Can an eigenvalue $\lambda_i=0$?

Question

I was doing some work with diagonalization of a matrix $A$ in order to find a matrix $P$ such that $\,P^{-1}AP\,$ was diagonal. In order to that I set $\;\lambda I_{n}=0\;$ and found the characteristic polynomial and its roots.

When I factored my characteristic polynomial I obtained $\;\lambda^2(\lambda-2),\,$ so $\,\lambda=0,\,2$.

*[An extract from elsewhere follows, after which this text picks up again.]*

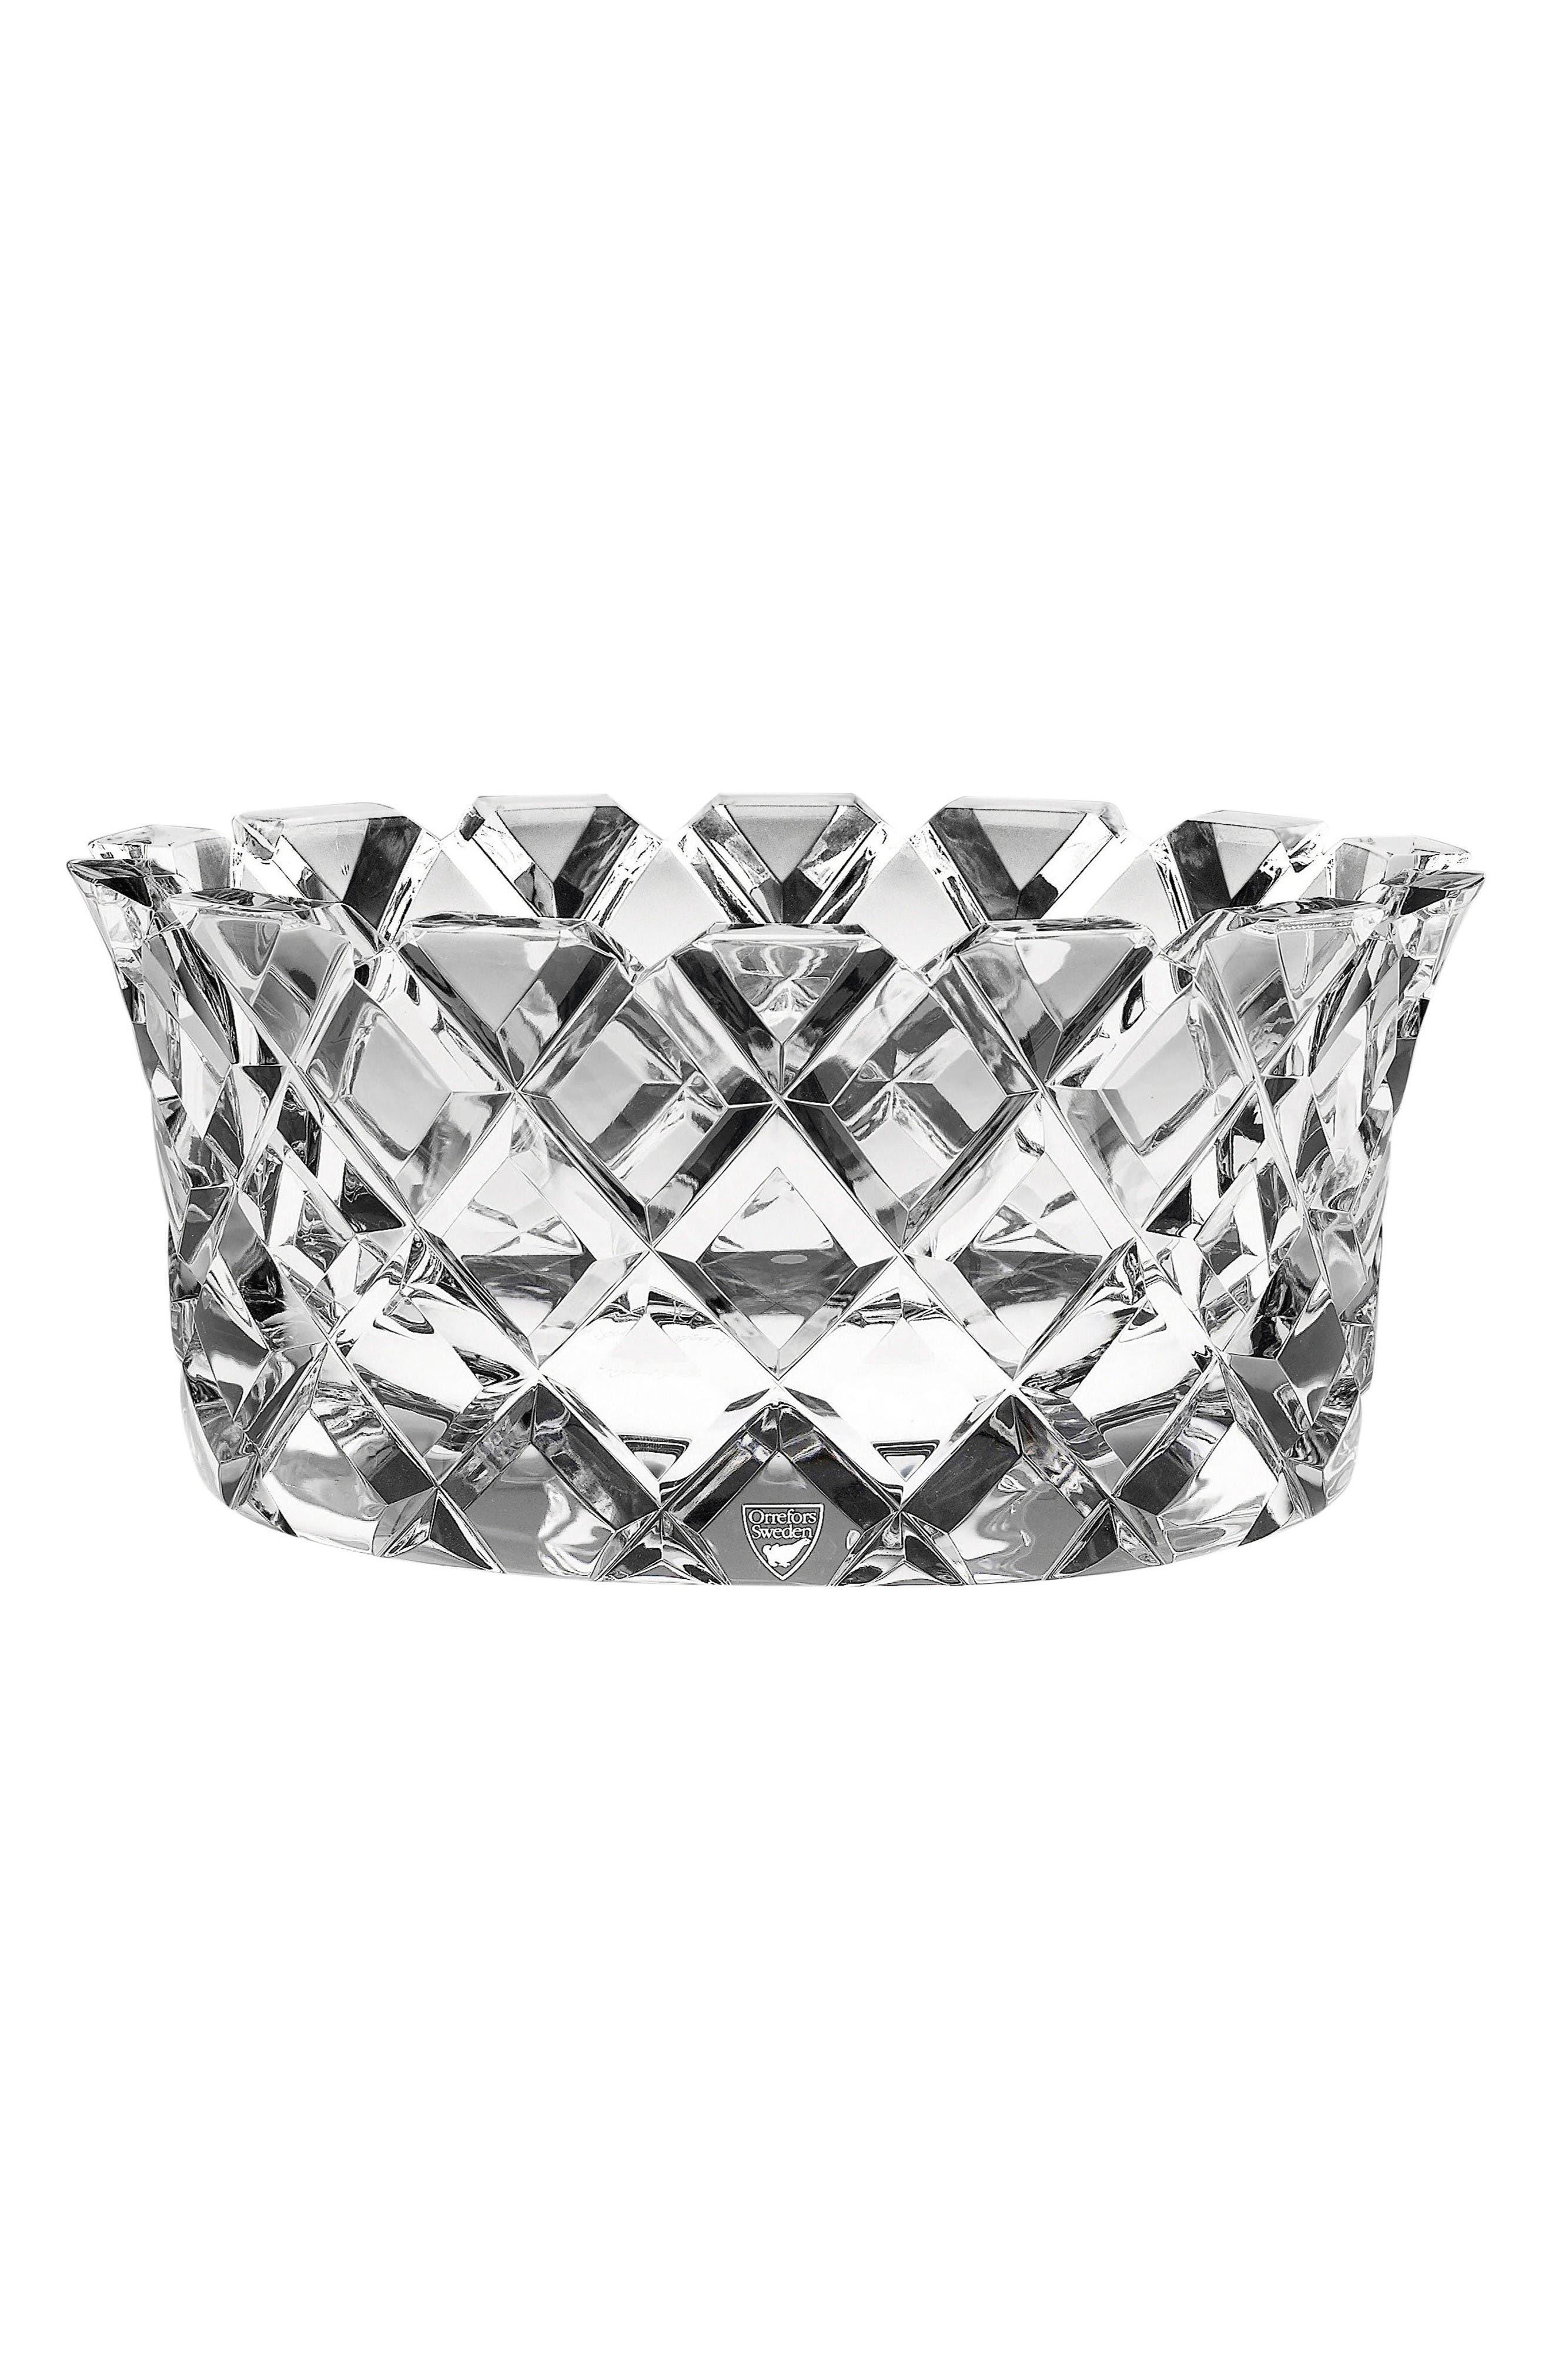 Main Image - Orrefors Sofiero Low Crystal Bowl

I was taught that the eignenvalues$\,\lambda_{i}\,$ I found become the entries of the diagonal matrix $\,P^{-1}AP.\,$ If this is indeed true, then two of the diagonal entries would be $\,0.\,$ Is this allowed, or must a diagonal matrix strictly have non-zero diagonal entries?

Answer 1

Absolutely yes: It is very possible $\lambda = 0$. Zero is allowed.

You may be mixing up what you know about eigenvectors --- the zero vector cannot be an eigenvector.

But for an eigenvalue $\lambda$, it is certainly possible and admissible that $\lambda = 0$.

With respect to your last question:

"($\lambda = 0$): Is this allowed, or does a diagonal matrix strictly have to have the diagonal entries as non-zero?"

Yes, it is allowed for zero's to be on the diagonal. No, the diagonal entries need not be non-zero.

Answer 2

A matrix is called diagonal if its off-diagonal entries ($a_{ij}$ for $i \not= j$) are all zero. This does not require the diagonal entries ($a_{jj}$) to be nonzero. For instance, the zero matrix is diagonal.